McMahon A D
Robertson Centre for Biostatistics, Boyd Orr Building, University of Glasgow, Glasgow, G12 8QQ, Scotland.
Am J Epidemiol. 2001 Sep 15;154(6):557-62. doi: 10.1093/aje/154.6.557.
Observational data are well suited for many types of medical research, especially when randomized controlled trials are inappropriate. However, some researchers have attempted to justify routine use of observational data in situations in which randomized controlled trials are normally conducted. Literature searches cannot be used to directly compare the results of the two types of research, because invalid observational studies normally are not publishable in the journal literature. The author created a study (1989-1994) to determine the efficacy of one exposure (ulcer-healing drugs) in preventing the serious upper gastrointestinal toxicity associated with another exposure (nonsteroidal anti-inflammatory drugs (NSAIDs)). A cohort of subjects from Tayside, Scotland, receiving both NSAIDs and ulcer-healing drugs appeared to experience a large rise in their risk of gastric bleeding and perforation (e.g., the rate ratio was 10.00 (95% confidence interval: 6.68, 14.97) when this cohort was compared with one receiving NSAIDs alone). This increased risk was due to confounding. Thus, use of a "restricted cohort design" was not able to eliminate uncontrollable bias. It is possible that if many different studies were carried out, then observational research would be found to be only occasionally useful for studying drug efficacy.
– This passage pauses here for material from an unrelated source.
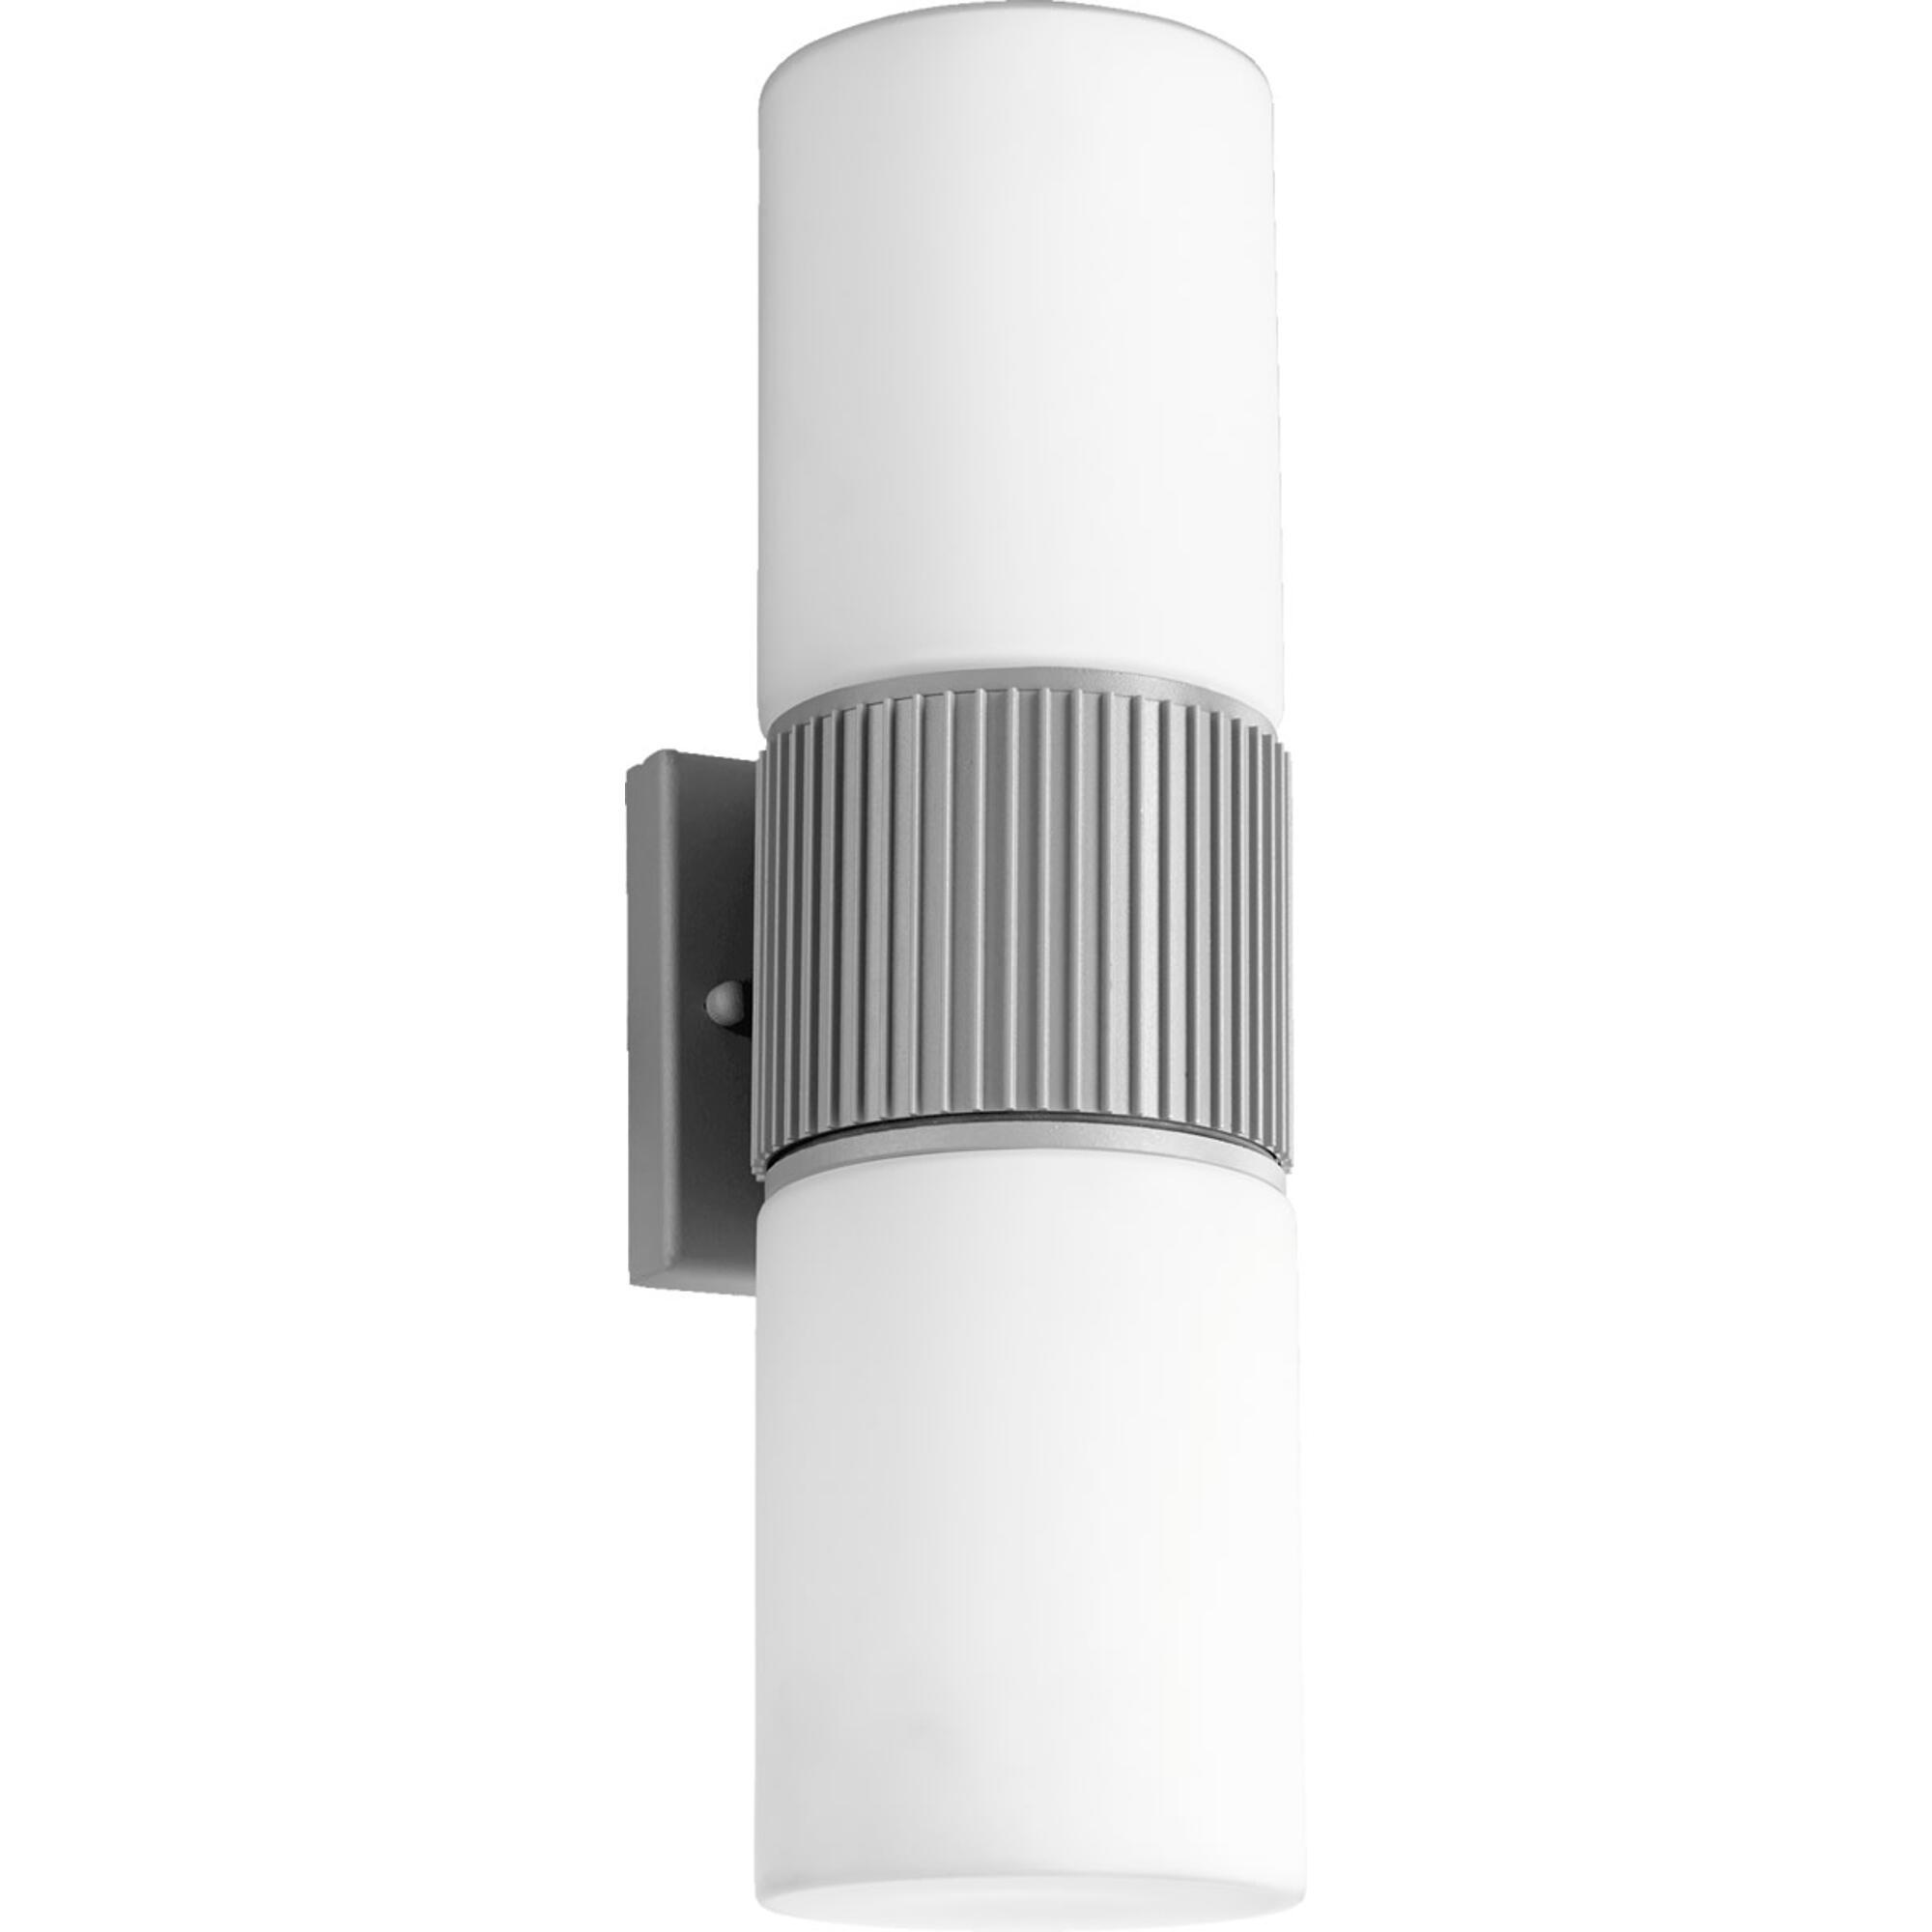 Manhattan 2-Light Wall Sconce Grey by Quorum. Modern Design Perfect for front door, garage door or back door

观察性数据非常适合多种类型的医学研究,尤其是在随机对照试验不适用的情况下。然而,一些研究人员试图在通常进行随机对照试验的情况下为常规使用观察性数据进行辩护。文献检索不能用于直接比较这两种研究类型的结果,因为无效的观察性研究通常不会在期刊文献中发表。作者开展了一项研究(1989 - 1994年),以确定一种暴露(溃疡愈合药物)在预防与另一种暴露(非甾体抗炎药(NSAIDs))相关的严重上消化道毒性方面的疗效。来自苏格兰泰赛德的一组同时接受NSAIDs和溃疡愈合药物的受试者,其胃出血和穿孔风险似乎大幅上升(例如,与仅接受NSAIDs的一组相比,该队列的率比为10.00(95%置信区间:6.68,14.97))。这种风险增加是由于混杂因素。因此,使用“受限队列设计”无法消除无法控制的偏倚。如果进行许多不同的研究,那么观察性研究可能只会偶尔对研究药物疗效有用。